• [Problem to work on] The expected result is an exact copy of the lines from the one holding "Synology DiskStation DS1522+" to the last line of the material, with pictures removed and nothing added.

• [Supplied material]
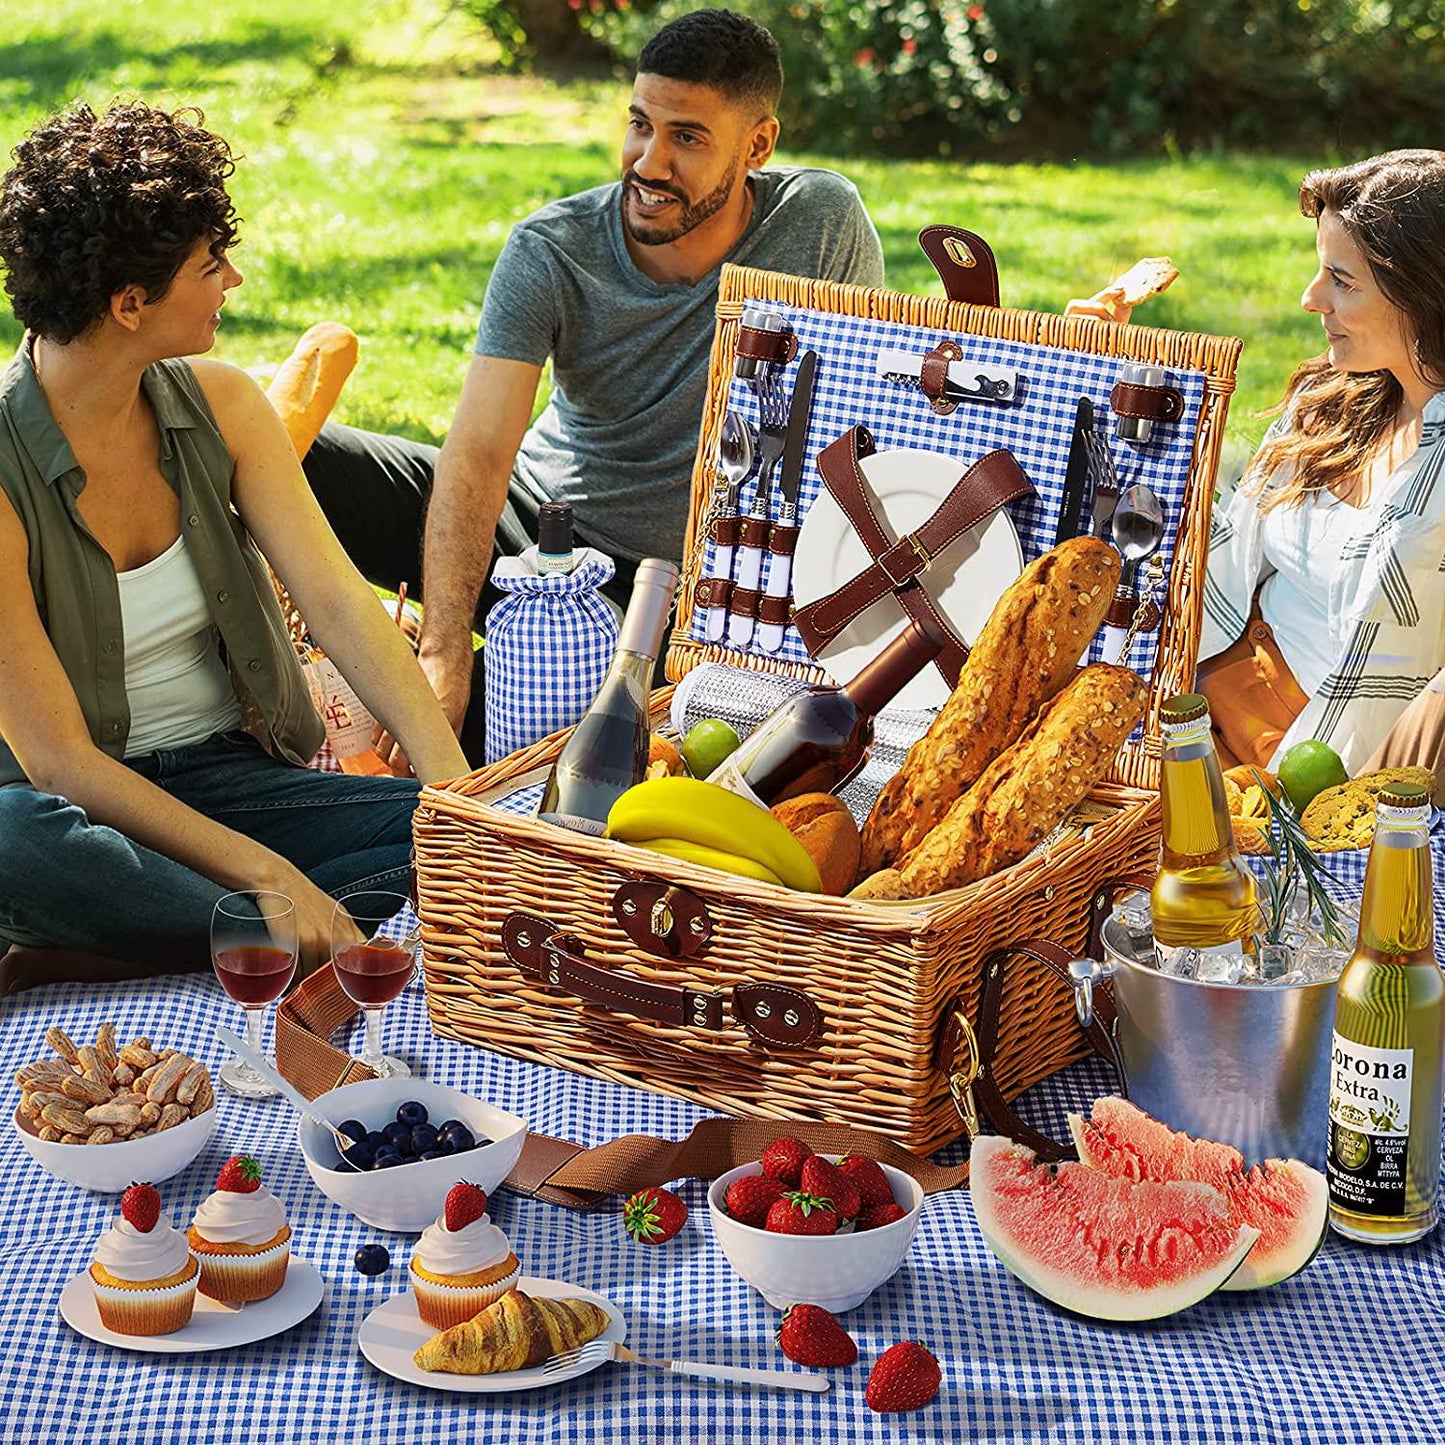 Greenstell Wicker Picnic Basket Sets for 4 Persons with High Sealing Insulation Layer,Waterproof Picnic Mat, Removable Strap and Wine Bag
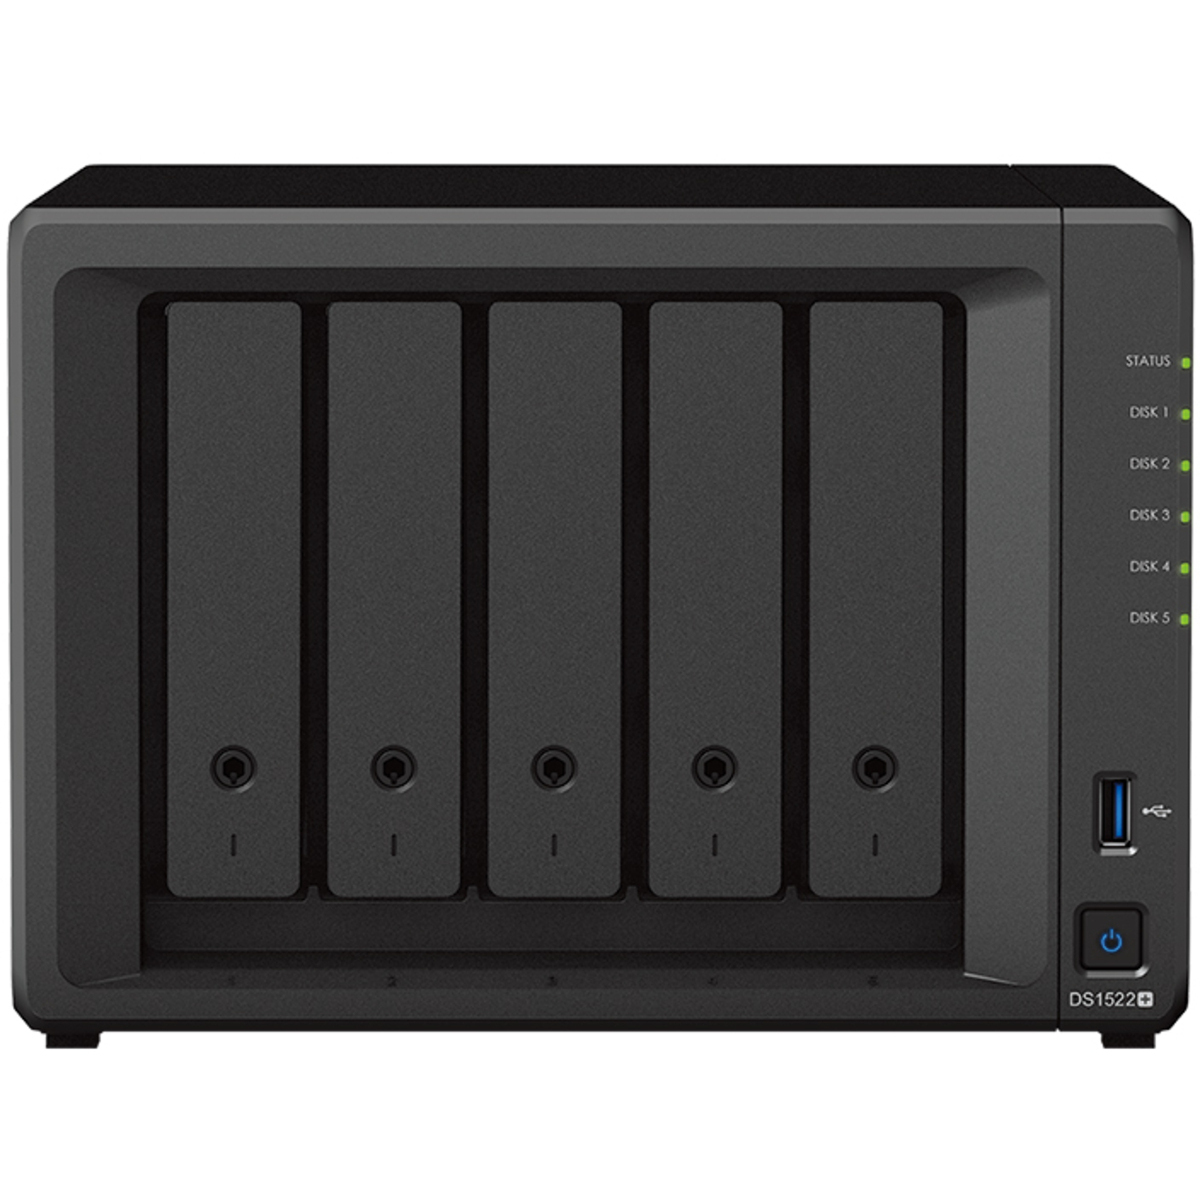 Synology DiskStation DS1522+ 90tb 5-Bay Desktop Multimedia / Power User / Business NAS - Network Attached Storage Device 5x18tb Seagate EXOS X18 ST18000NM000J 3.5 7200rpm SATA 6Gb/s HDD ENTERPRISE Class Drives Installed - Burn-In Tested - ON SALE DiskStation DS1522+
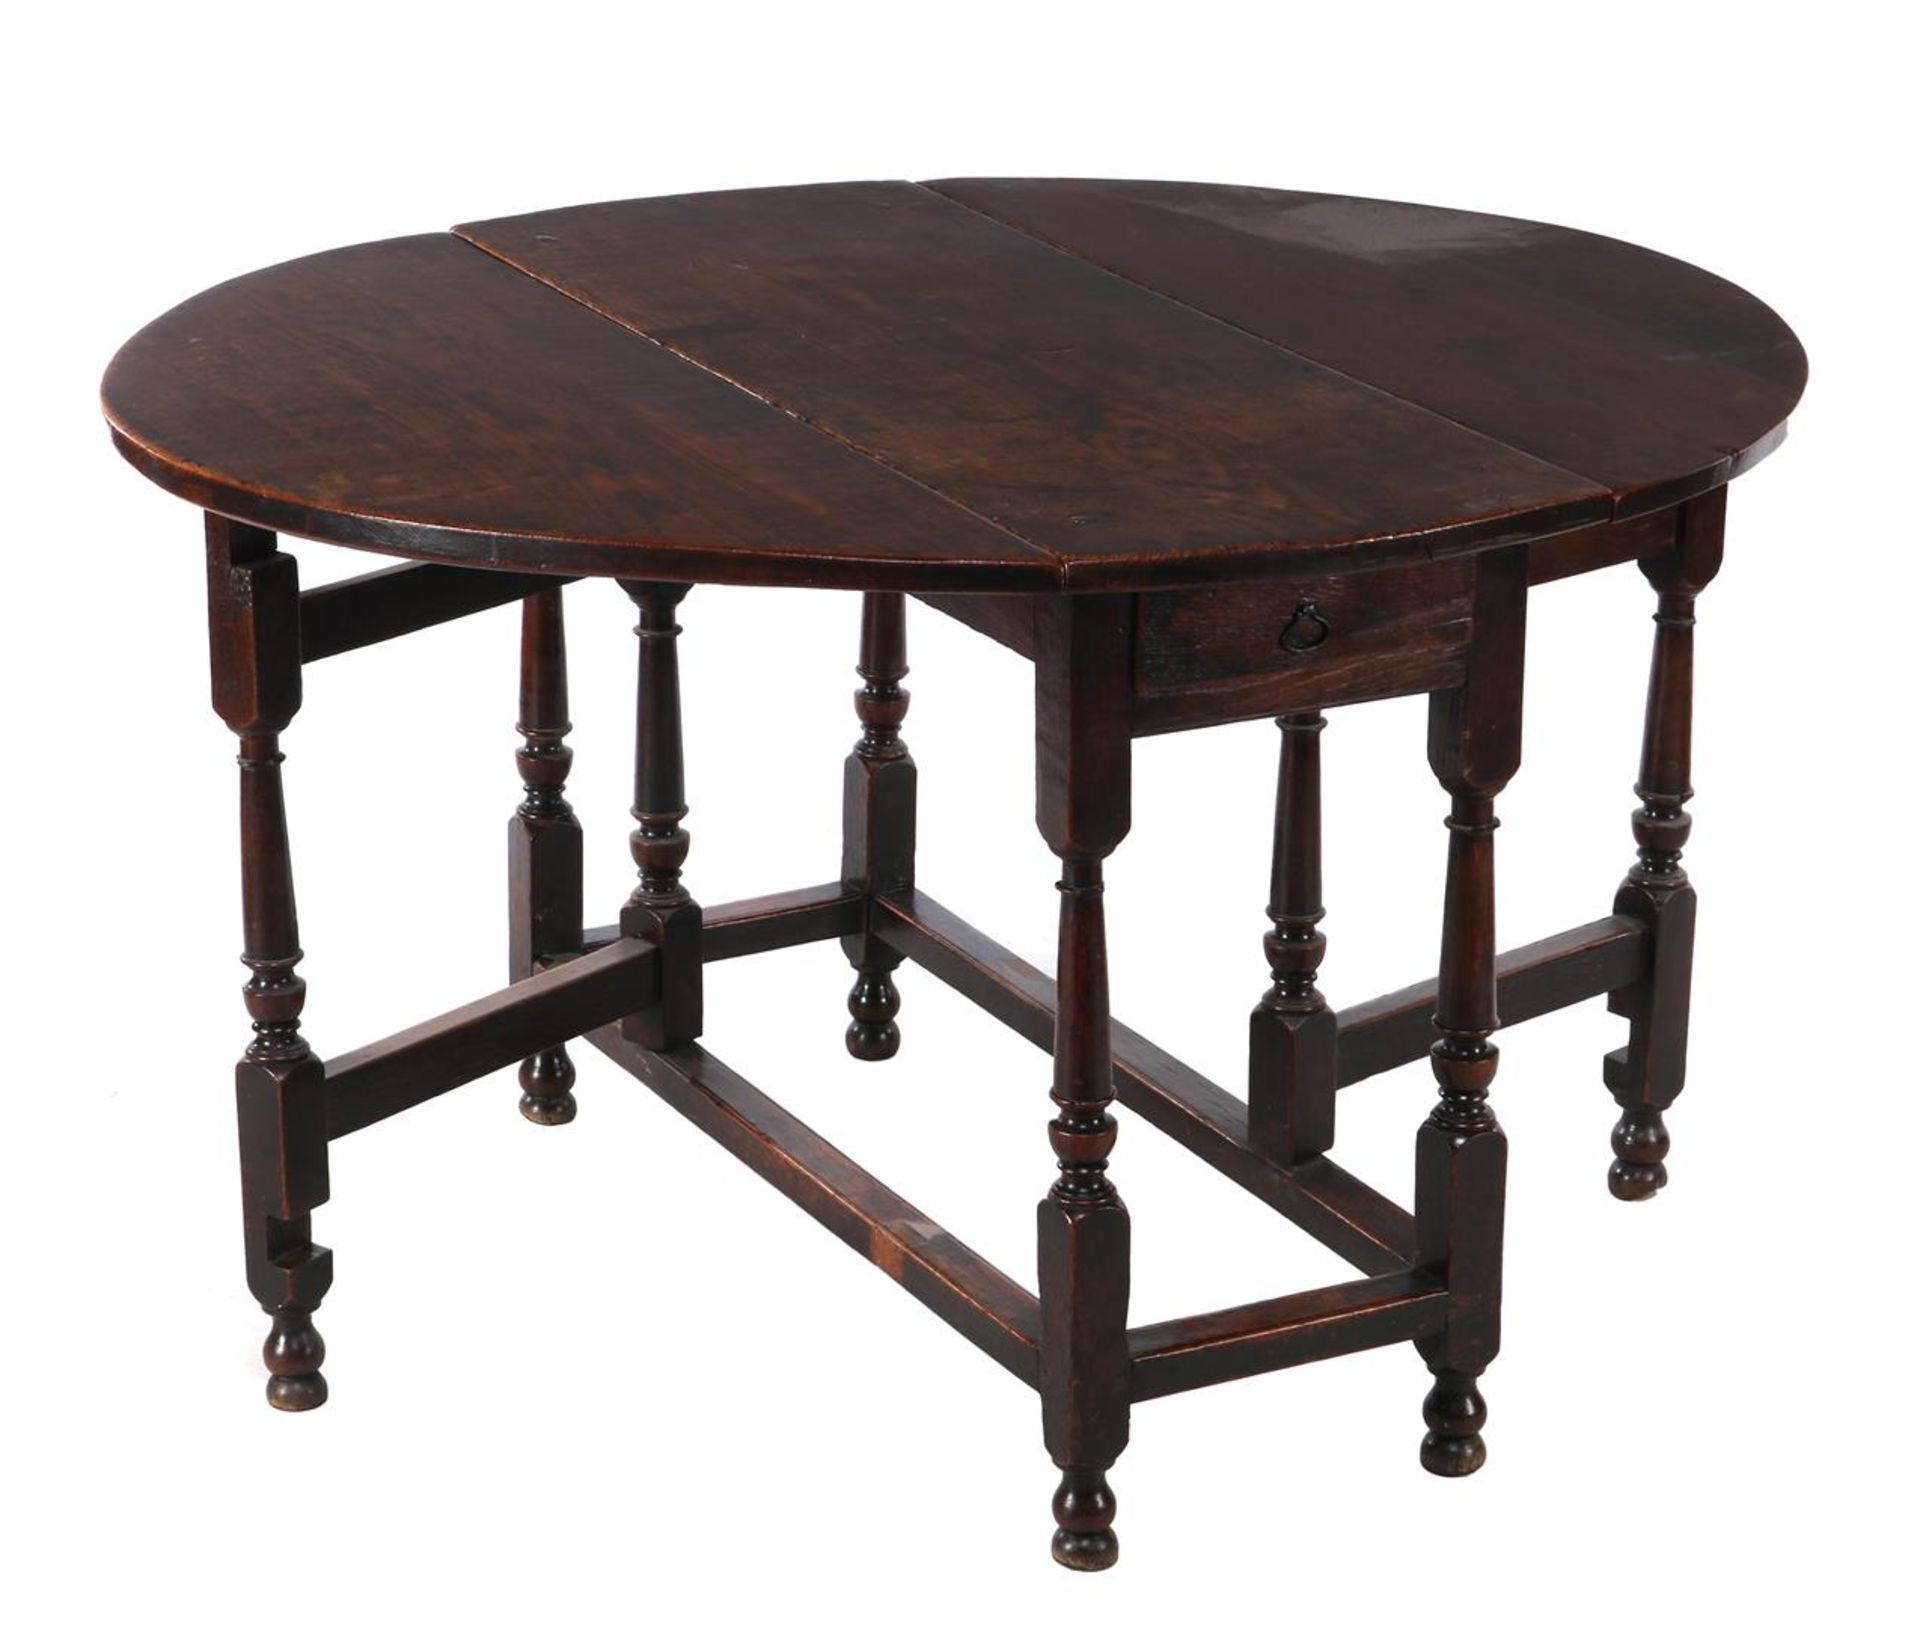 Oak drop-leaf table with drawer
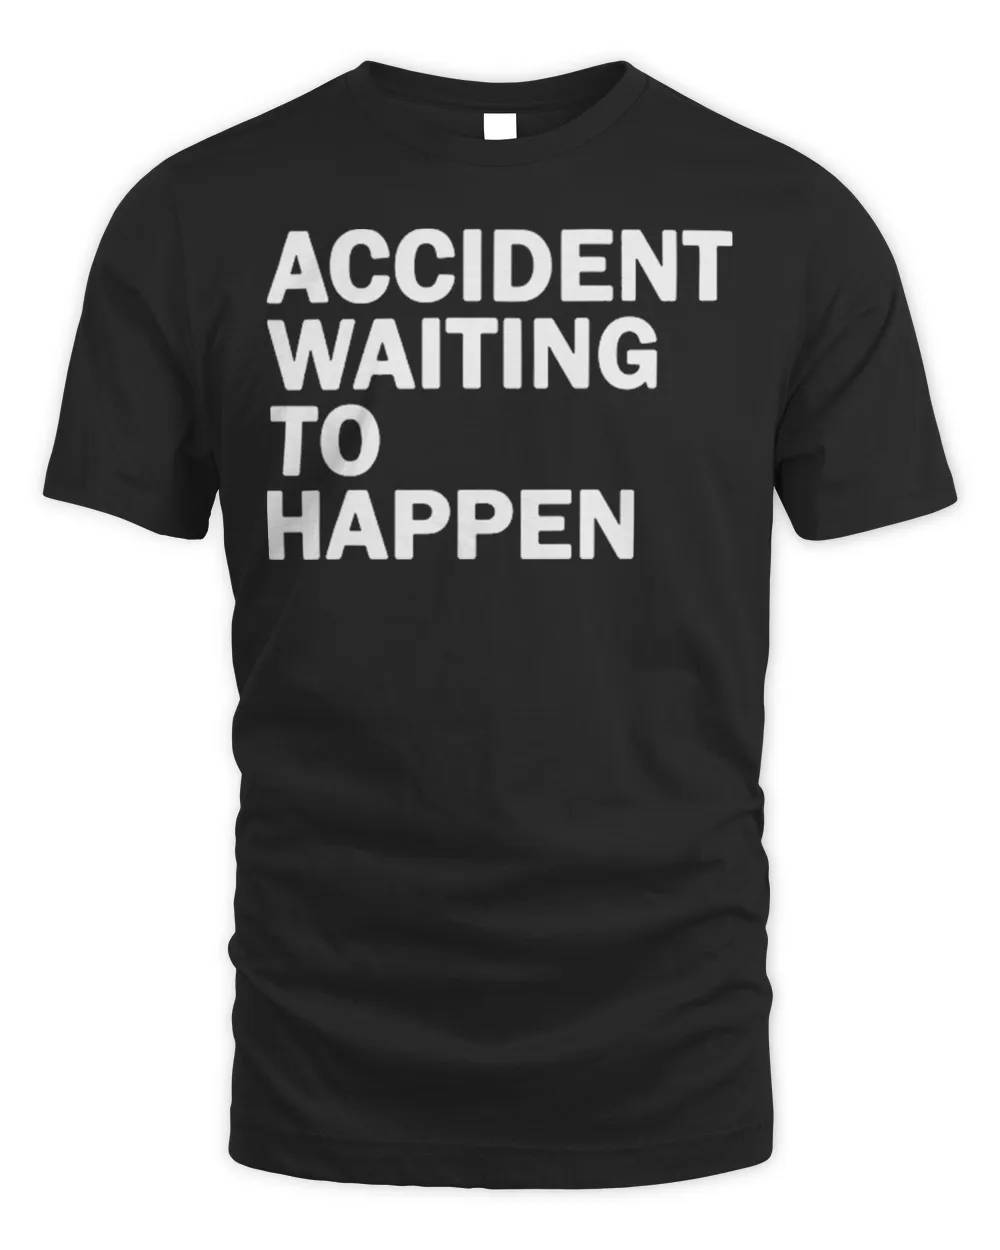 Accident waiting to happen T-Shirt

• [Worked solution]
 Synology DiskStation DS1522+ 90tb 5-Bay Desktop Multimedia / Power User / Business NAS - Network Attached Storage Device 5x18tb Seagate EXOS X18 ST18000NM000J 3.5 7200rpm SATA 6Gb/s HDD ENTERPRISE Class Drives Installed - Burn-In Tested - ON SALE DiskStation DS1522+
 Oak drop-leaf table with drawer
 Accident waiting to happen T-Shirt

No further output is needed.